イスラエルとイランの戦争で利益を得る者たち。「逮捕に怯える外国スパイ」ネタニヤフと「平和になったら困る」イスラム宗教保守の戦いに終わりはあるのか?

Tel,Aviv,,Israel.,August,14,,2019.,Prime,Minister,Of,Israel
 

核戦争にすら発展しかねないイスラエルとイランの軍事衝突に対し、国際的な懸念が高まっている。これに関して、「イスラエルのネタニヤフ首相は、軍事衝突をエスカレートさせなければ議会を解散され、下野すれば逮捕されてしまう」一方で、「イランのイスラム保守政権も、イスラエルという敵がいなくなれば改革派の突き上げで国が瓦解してしまう」という構図を指摘するのは米国在住作家の冷泉彰彦氏だ。「平和になったら困る」人間はイスラエルだけでなくイランやハマスにすら存在し、それぞれが自身の延命や保身のために戦争を利用しているという。(メルマガ『冷泉彰彦のプリンストン通信』より)
※本記事のタイトル・見出しはMAG2NEWS編集部によるものです/原題:中東紛争のメカニズムを考える

多くの日本人が理解できない、イスラエルとイランが衝突する本当の理由

イスラエルのイランに対する攻撃は、その規模が大きく、また全体的に相当な決意を込めた行動という印象を与えました。このために、イランとしては同様に相当程度の反撃を決意せざるを得ず、即座に規模の大きな反撃を行っています。反撃には反撃で応えるということで、相互の応酬が止まりません。

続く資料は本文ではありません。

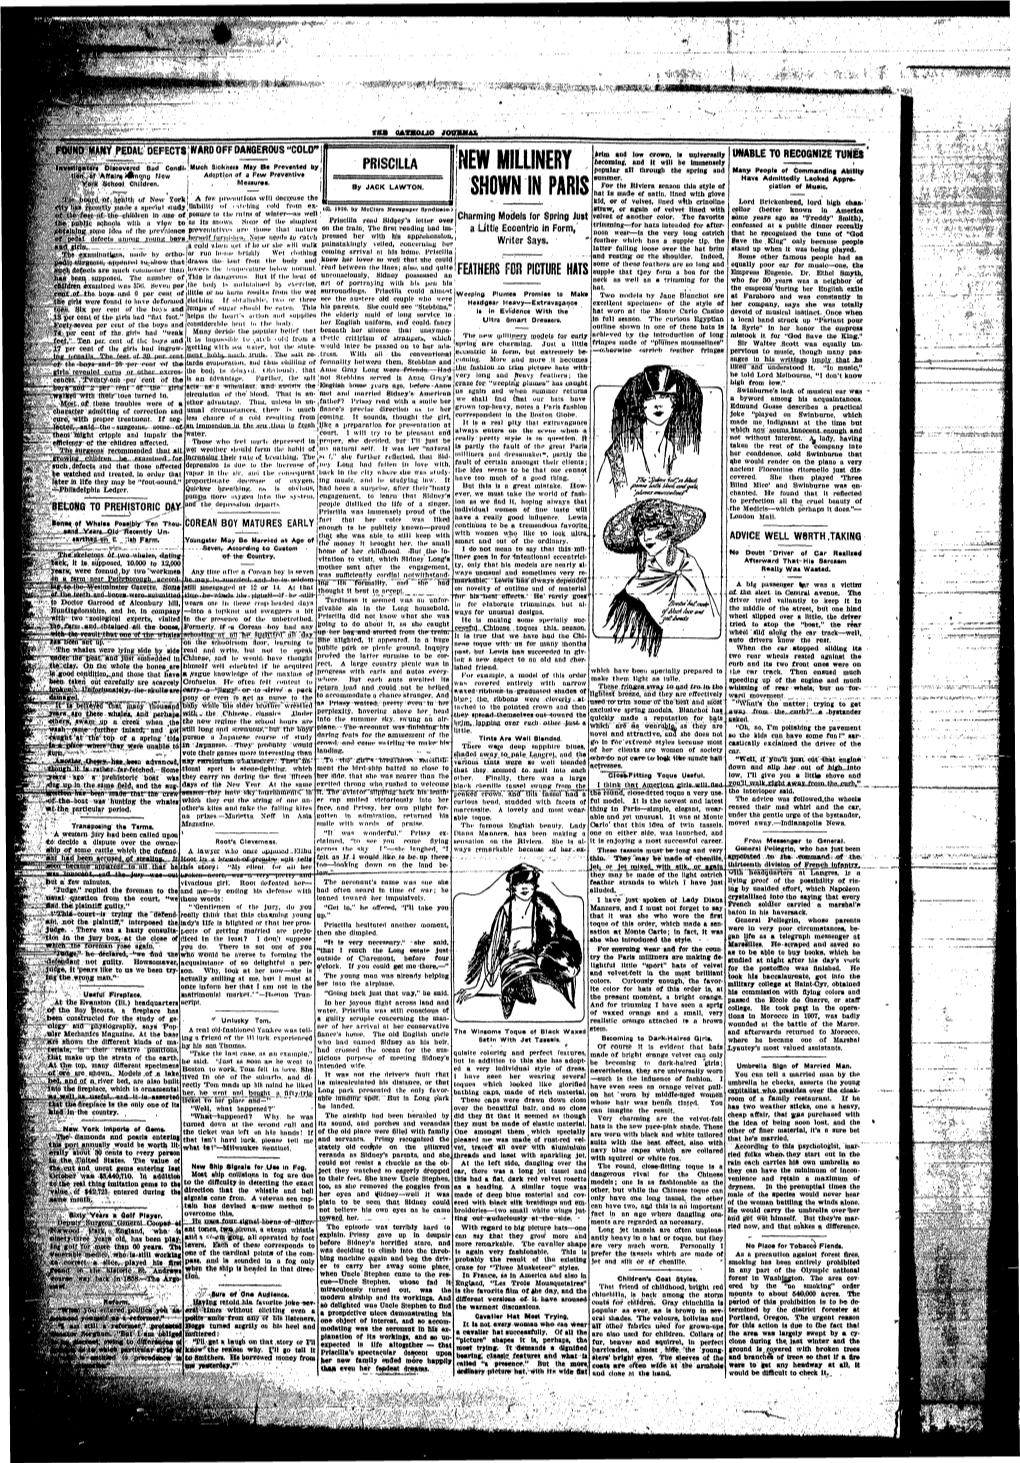 Catholic-Journal-1922-January-1925-February

現状としては、とにかく事態は悪化の一途を辿っています。イスラエルの側は、当初のイラン軍幹部や核科学者の暗殺というピンポイント作戦にとどまらず、油井への攻撃を含むインフラ破壊も開始しています。

一方で、イラン側の攻撃はイスラエルの事実上の首都であるテルアビブだけでなく、複数の都市に対する攻撃へと拡大しています。特にイスラエル自慢の迎撃システム(アイアン・ドーム)の能力を超える飽和攻撃も試みており、被害が拡大しています。

例えばですが、この間に続いたイスラエル=ガザ戦争との比較で言えば、ガザの場合は背後にイランがスポンサーでいたわけですが、今回のイランによる攻撃はより規模が大きくなっているようです。ガザが使用していたミサイルより大型で射程が長く、搭載している爆弾も大きなものを飽和攻撃に使用しているので、迎撃漏れが起きた場合の被害は深刻になっています。

一方で、イランは領内の制空権を確保できておらず、イスラエルが新世代の戦闘機を使って侵入、攻撃、帰還を繰り返すのを阻止できていません。これに無人機や偽装トラックによる侵入などを組み合わせてくるので、被害を止められないようです。

戦争は被害の応酬であり、被害は自己正当化と憎悪の拡大をもたらします。その意味で、既に深刻な戦闘状態というのが両国内で発生しており、これを直ちに停止に持っていくのは難しい状況です。従って、解決策についての具体的な提言というのは、現時点では非常に難しいのが正直なところです。

今回は、従いましてこの紛争の原因と継続のメカニズムについて考察してみたいと思います。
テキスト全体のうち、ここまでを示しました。